2.13. CRM, DMP, CDP... jusqu’où aller dans la gestion de données ?

Dans cette fiche, on explore les solutions les plus sophistiquées - mais encore émergentes dans le secteur culturel - de traitement de données d'audience et de suivi des stratégies marketing : les Data Marketing Platform (DMP) et Customer Data Platform (CDP).

La révolution numérique a transformé en profondeur la manière dont les institutions culturelles abordent la gestion de leurs publics et a placé la donnée client au cœur de leurs stratégies de développement et de fidélisation.

Dans ce contexte, des solutions de Customer Relationship Management (CRM) se sont progressivement déployées et ont remplacé les traditionnelles bases de données. Une nouvelle génération d’outils bien plus sophistiqués émerge à présent : les Data Marketing Platform (DMP) et Customer Data Platform (CDP). Quels services proposent ces nouvelles solutions ? Quelle est leur plus-value, et sont-elles adaptées aux équipements culturels ? Cet article vise à clarifier ces concepts, expliquer les typologies de données concernées, et montrer comment ces outils peuvent contribuer à une meilleure compréhension et fidélisation des publics.

"Data Marketing Platform" et "Customer Data Platform" : de quoi parle-t-on ?

Pour bien comprendre la portée de ces plateformes, il est essentiel de différencier la Data Marketing Platform (DMP) de la Customer Data Platform (CDP).

Les Data Marketing Platform (DMP) permettent de collecter, de centraliser et d’analyser des données provenant de sources variées et extérieures à l’organisation et qui sont le plus souvent anonymes.

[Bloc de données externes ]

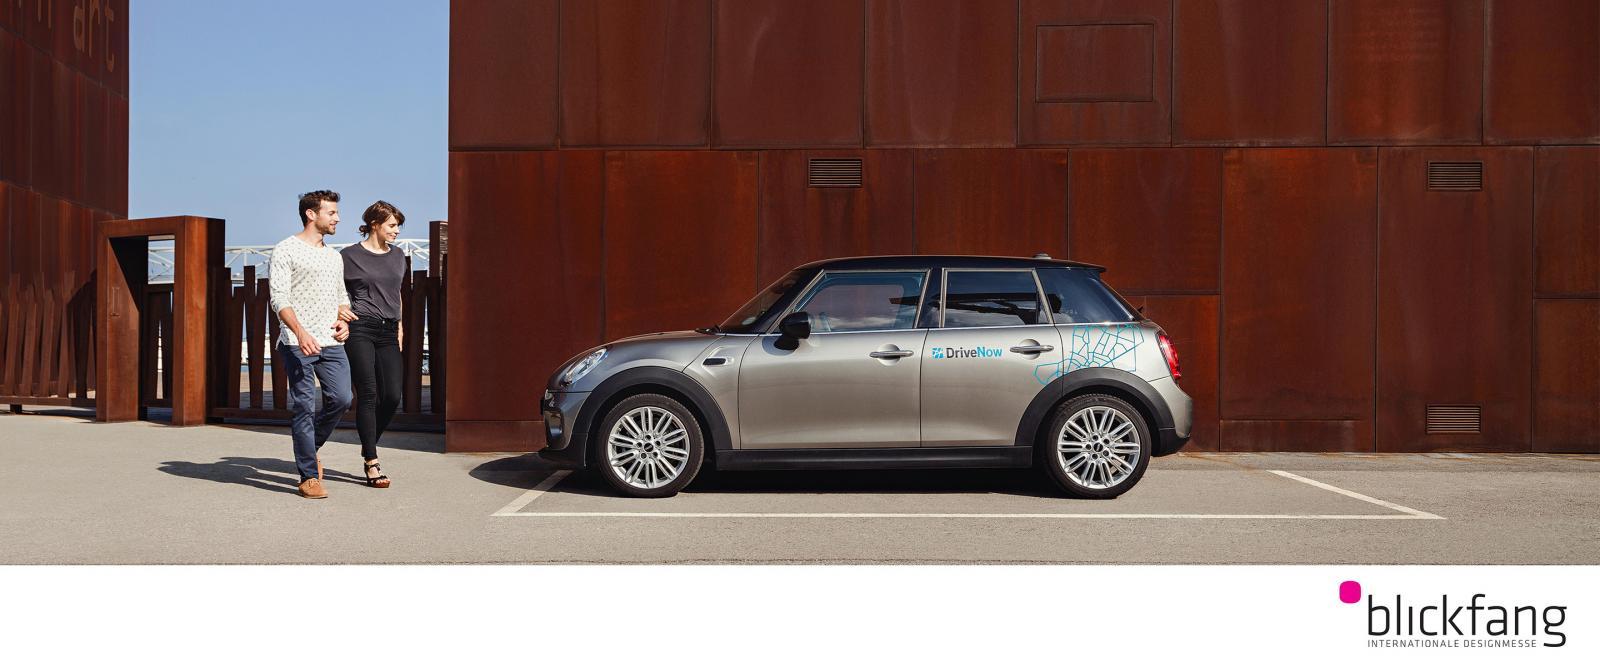 drivenow_carsharing_blickfang_design

Les Data Marketing Platform sont principalement utilisées pour optimiser les campagnes publicitaires et acquérir de nouveaux publics. Elles s'appuient sur des données tierces, agrégées et anonymisées (cookies, informations de navigation, etc.) qui une fois regroupées, créent des segments d'audience. Ainsi, une DMP pourrait permettre à une salle de spectacle de cibler des amateurs de théâtre ayant visité des sites dédiés à la culture ou à la billetterie. Il s’agit ici de développer son audience. 

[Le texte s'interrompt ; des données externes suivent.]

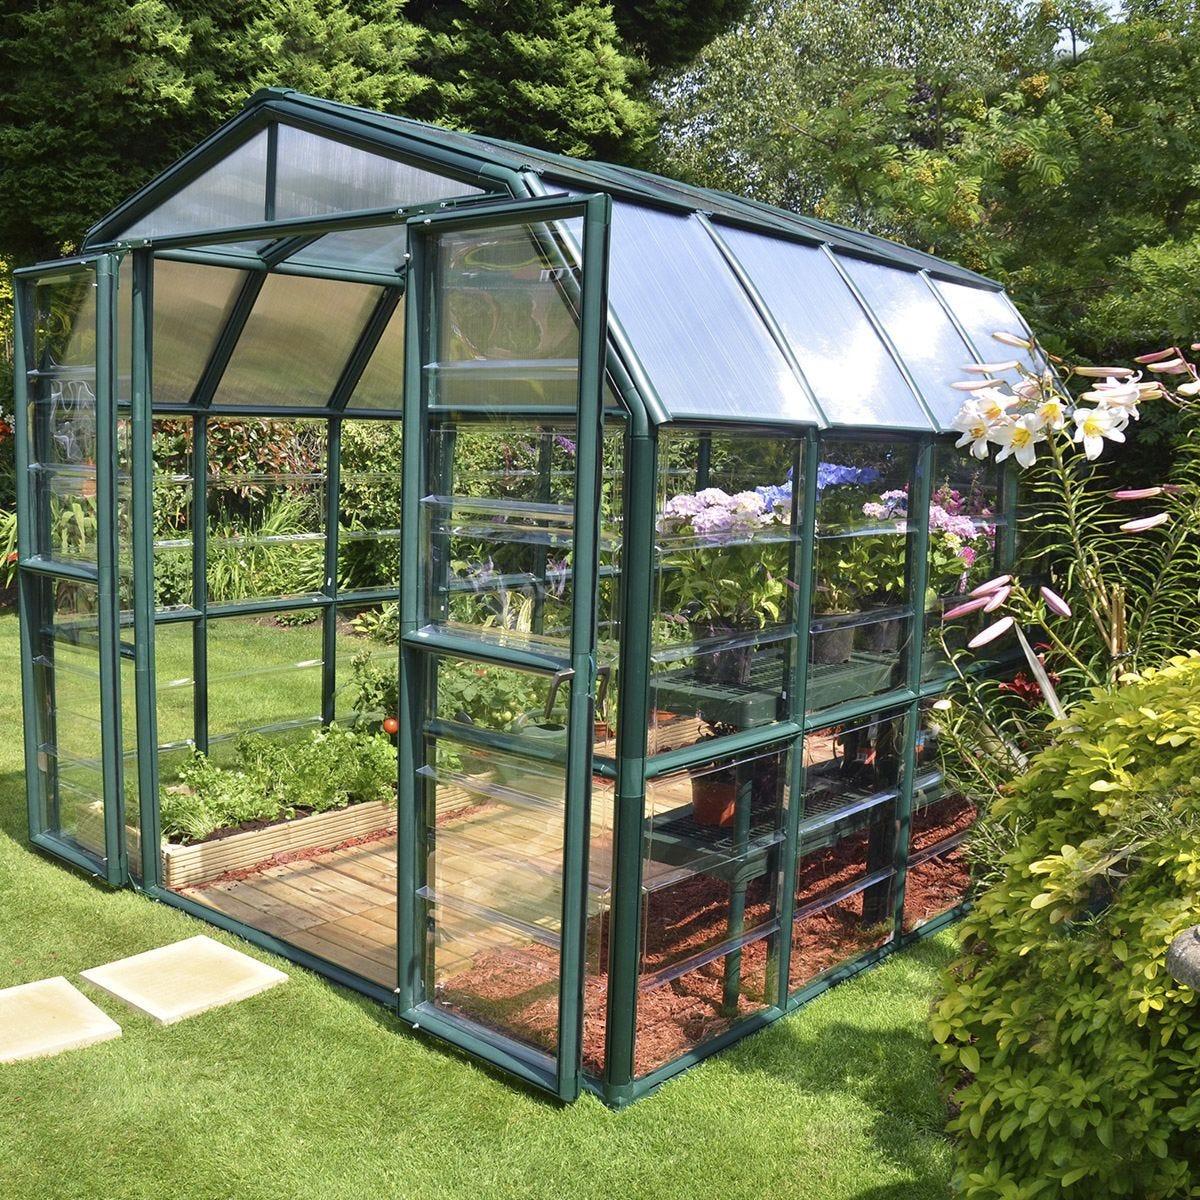 Palram Hobby Gardener Greenhouse

Les Customer Data Platform (CDP) travaillent à l’inverse uniquement à partir de données propres à l’organisation. Ce sont des bases de données persistantes et unifiées, reposant sur l’ensemble des systèmes de gestion d’une organisation susceptibles de générer des données. Ces CDP collectent ainsi des données de première main* (ou "first-party data") générées par les usagers lors de leur navigation sur Internet, par téléphone ou même en point de vente physique. Une fois unifiées, ces données sont segmentées pour créer des audiences établies selon différents critères. Ces audiences serviront ensuite à l’établissement de la stratégie marketing de la structure.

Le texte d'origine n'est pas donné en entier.